# Eclipse sw8812 help



## vwdave (Jun 12, 2013)

I just got one off eBay. I can't find t/s parameters anywhere for them I want to try building a vented enclosure for it so I'd need some box design help, but without the t/s parameters I don't even know where to start.

It's going to be powered by a PG ZPA0.5 so I should have over 1k watts available. If the specs call for a box bigger than 2.5 or 3 cuft then I might just stick with sealed but I at least want to know the options.

So anyone with t/s for the 8812 I'd greatly appreciate it.

Thanks.


----------



## MACS (Oct 3, 2007)

Is it a 4 spoke basket or a 12 spoke basket? 

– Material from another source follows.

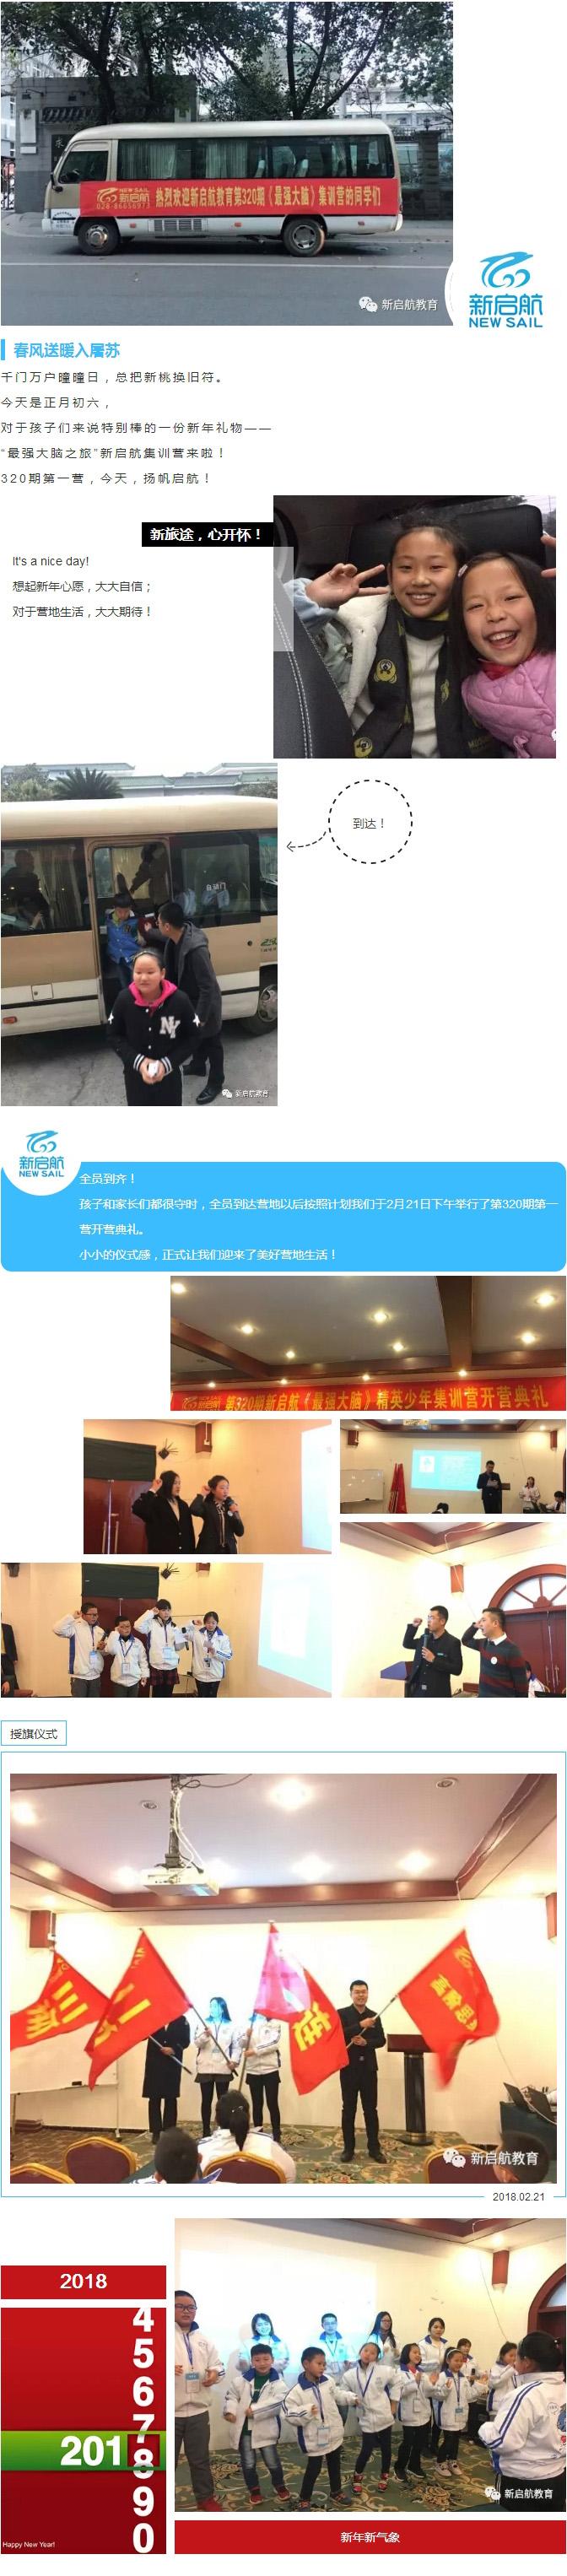 春风送暖入屠苏——新启航320期集训营第一营今日在蓉开营

I have specs for the 88120.4 and 88120DVC which has the 12 spoke baskets. Should still be pretty close to the older 8812 models. Send me a PM with your email address.


----------



## smgreen20 (Oct 13, 2006)

That 0.5 it's overkill for that sub


----------



## vwdave (Jun 12, 2013)

Haha I know...headroom. Remember, the 0.5 give high power at 4 and 1 ohm, but it's reduced at 2 ohms, which is what I'll be running it at. The 0.5 is being used on my idq12 right now...talk about overkill.


----------



## Theslaking (Oct 8, 2013)

Actual Specs - maybe the same as Macs info
Fs - 27hz
QTS - .30
Vas - 3.2 cu. ft
Xmax 1.3 in. one way


----------